Raises Invalid_argument if input/weight shapes are incompatible or channel counts do not match groups.
Pooling
val max_pool1d :
kernel_size:int ->
?stride:int ->
?dilation:int ->
?padding:[ `Same | `Valid ] ->
?ceil_mode:bool ->
('a, 'b) Nx.t ->
('a, 'b) Nx.tmax_pool1d ~kernel_size ?stride ?dilation ?padding ?ceil_mode x applies 1D max pooling.
x: (N, C, L). stride defaults to 1. dilation defaults to 1. padding defaults to `Valid. ceil_mode defaults to false.
val max_pool2d :
kernel_size:(int * int) ->
?stride:(int * int) ->
?dilation:(int * int) ->
?padding:[ `Same | `Valid ] ->
?ceil_mode:bool ->
('a, 'b) Nx.t ->
('a, 'b) Nx.tmax_pool2d ~kernel_size ?stride ?dilation ?padding ?ceil_mode x applies 2D max pooling.
x: (N, C, H, W). stride defaults to (1, 1). dilation defaults to (1, 1). padding defaults to `Valid. ceil_mode defaults to false.
val avg_pool1d :
kernel_size:int ->
?stride:int ->
?dilation:int ->
?padding:[ `Same | `Valid ] ->
?ceil_mode:bool ->
?count_include_pad:bool ->
(float, 'b) Nx.t ->
(float, 'b) Nx.tavg_pool1d ~kernel_size ?stride ?dilation ?padding ?ceil_mode ?count_include_pad x applies 1D average pooling.
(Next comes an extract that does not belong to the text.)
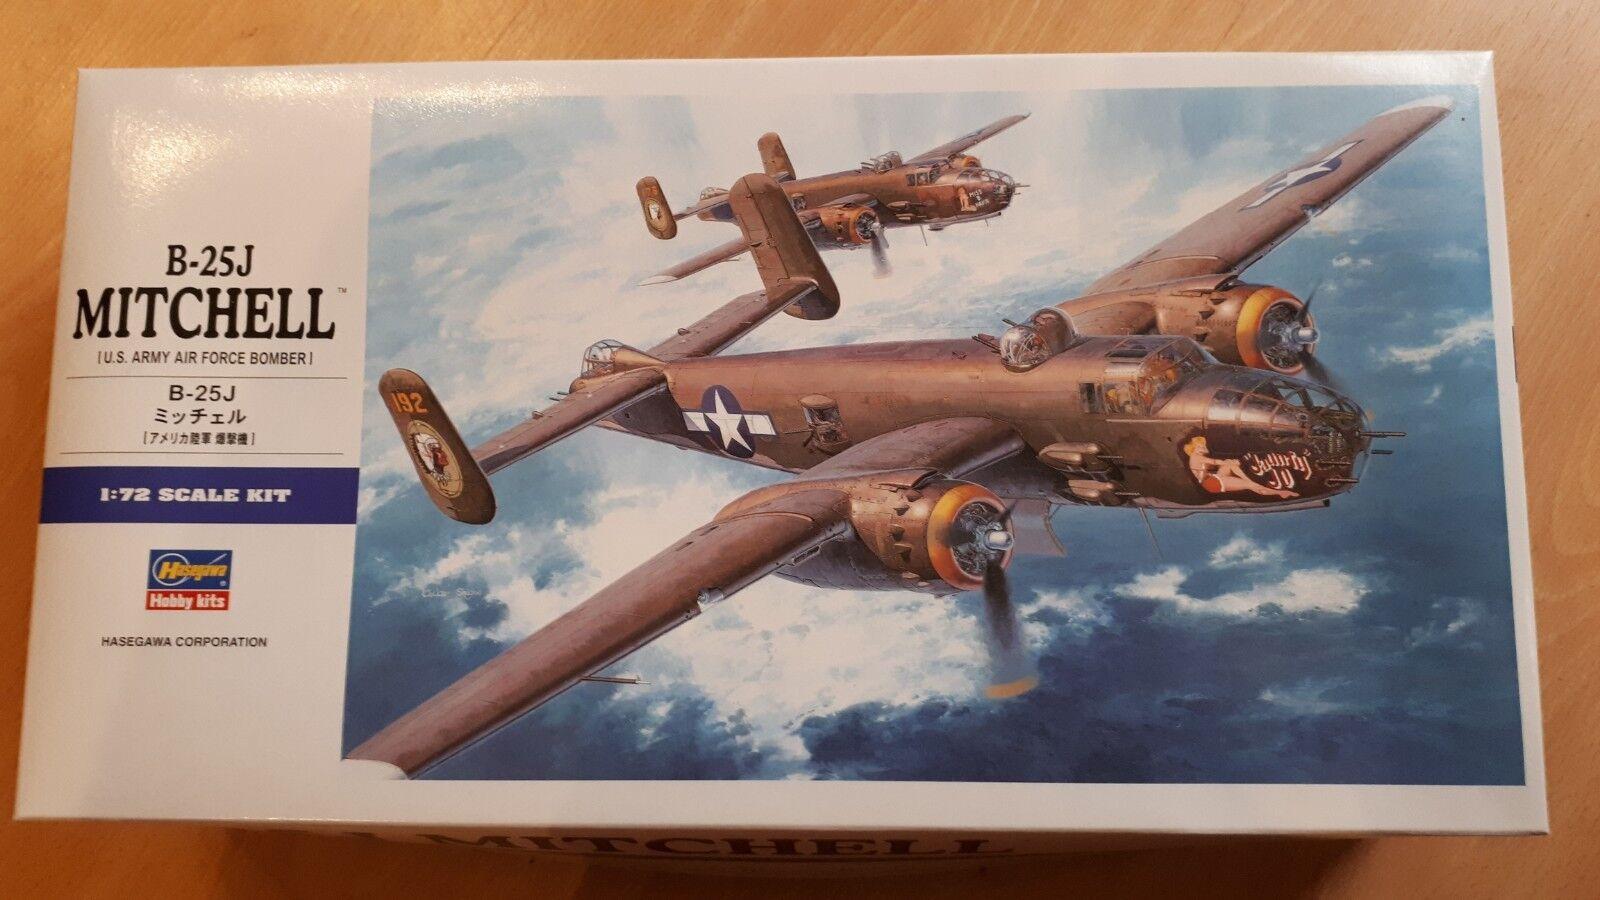 HASEGAWA 1 72 US ARMY AIR FORCE B-25J MITCHELL BOMBER

x: (N, C, L). stride defaults to 1. dilation defaults to 1. padding defaults to `Valid. ceil_mode defaults to false. count_include_pad defaults to true.
val avg_pool2d :
kernel_size:(int * int) ->
?stride:(int * int) ->
?dilation:(int * int) ->
?padding:[ `Same | `Valid ] ->
?ceil_mode:bool ->
?count_include_pad:bool ->
(float, 'b) Nx.t ->
(float, 'b) Nx.tavg_pool2d ~kernel_size ?stride ?dilation ?padding ?ceil_mode ?count_include_pad x applies 2D average pooling.
x: (N, C, H, W). stride defaults to (1, 1). dilation defaults to (1, 1). padding defaults to `Valid. ceil_mode defaults to false. count_include_pad defaults to true.